Chipinge District is the southernmost district in Manicaland province. It is bounded on the north by Chimanimani District, on the west by Masvingo Province, and on the east by Mozambique.

The Save River forms the western boundary of the District, and drains the western and southern portions of district. The northeastern portion of the district is drained by the Buzi River and its headwater tributaries.

The southern end of the Eastern Highlands reach into the northern portion of the district.
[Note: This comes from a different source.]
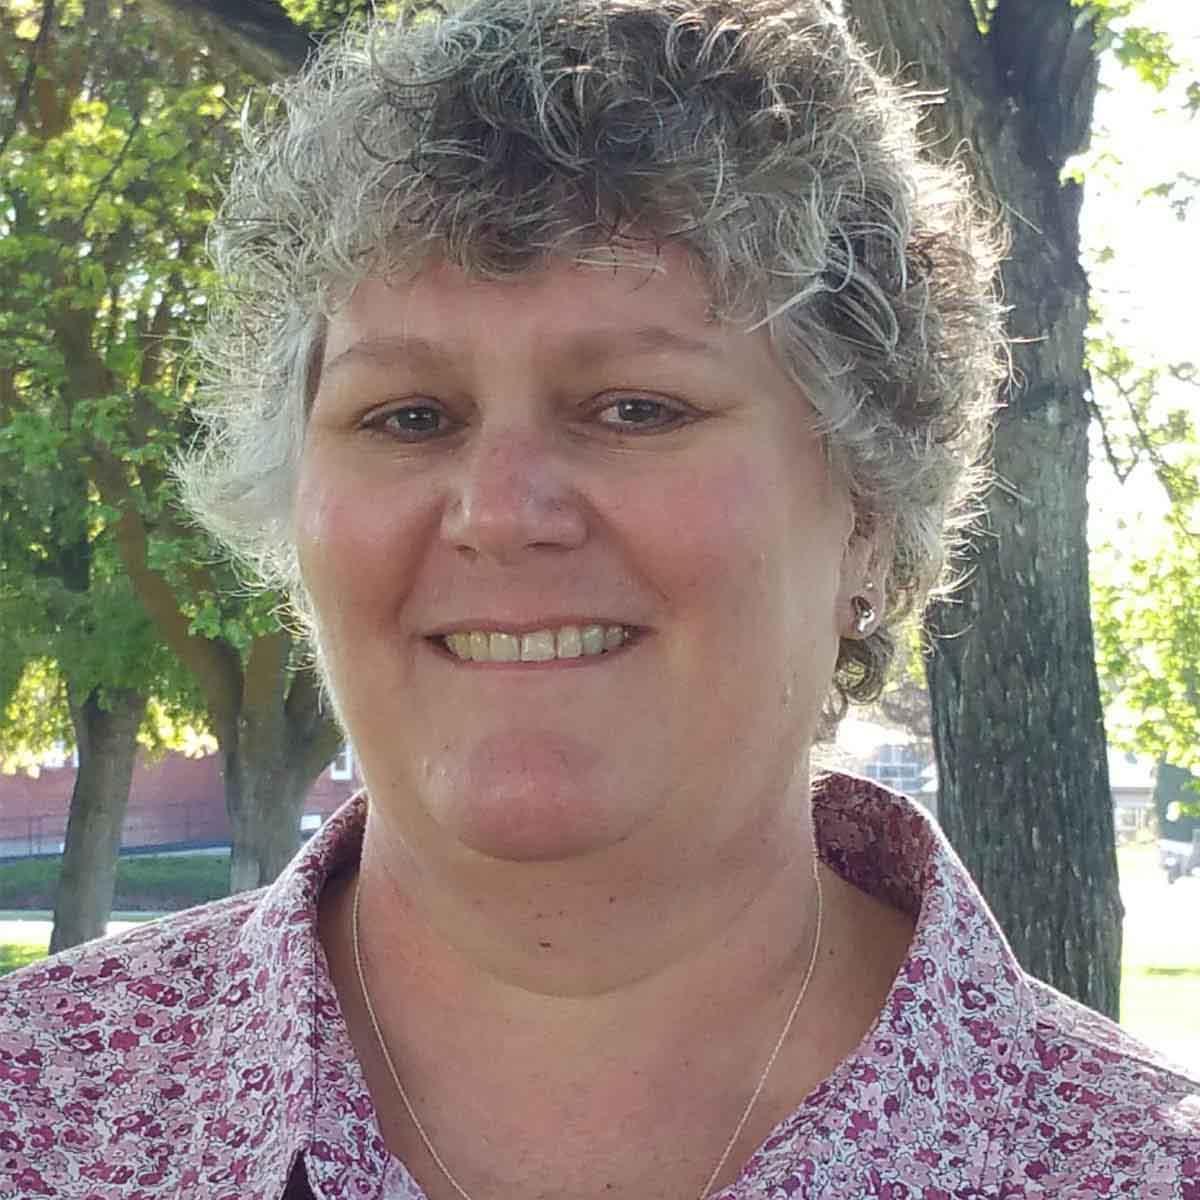 Forum on this topic: Laura Bell Bundy, karen-mcdougal-united-states/

Mount Selinda (1,230 meters) lies near the Mozambican border.

===Townships and villages===
- Craigmore
- Chibuwe
- Chipinge
- Chisumbanje
- Checheche
- Junction Gate
- Mkasa
- Rupisi

==People==
The rural portion of Chipinge District has a population of 324,133. The rural population is 298,841, and the urban population, which consists of Chipinge town, is 25,292 (2012 census).

Ndau people, a sub group of the Shona people, inhabit the north and central portions of the district. Tswa people live in the south.

==Transport==
The A10 road runs through the district, running southwards from Chimanimani District, then jogging west to the Save River. Here it meets the A16 road, which runs south along the Save from Birchenough Bridge. From the A16 junction the A10 follows the Save southwards, crossing westwards over the Save River at Rupangwana via the Jack Quinton Bridge.

Where the A10 turns west, a road branches south to Chipinge, and continues southeast to cross the Mozambican border between Mount Selinda and Espungabera in Mozambique.

Chipinge Airport is near the town of Chipinge.

==Administration==
The District has 31 rural administrative wards, and eight urban wards in Chipinge town.

The district is divided into five Assembly parliamentary constituencies: Chipinge Central, Chipinge East, Chipinge South, Chipinge West, and Musikavanhu. The district is a single Senate constituency.

==Ecology==
Miombo woodland is the predominant vegetation in the northern, central, and northeastern portions of the district.

Mopane woodland occurs in the Save River lowlands in the west and south of the district.

Pockets of mid-elevation evergreen forest occur on a few eastward-facing mountain slopes in the district, where the mountains create orographic precipitation from winds coming from the Indian Ocean.

===Protected areas===
Chipinge Safari Area (261 km^{2}) is located in the highlands west of Chipinge, overlooking the Save River Valley. It includes both miombo and mopane woodland.

Chirinda Forest Botanical Reserve protects an enclave of evergreen forest on the slopes of Mount Selinda.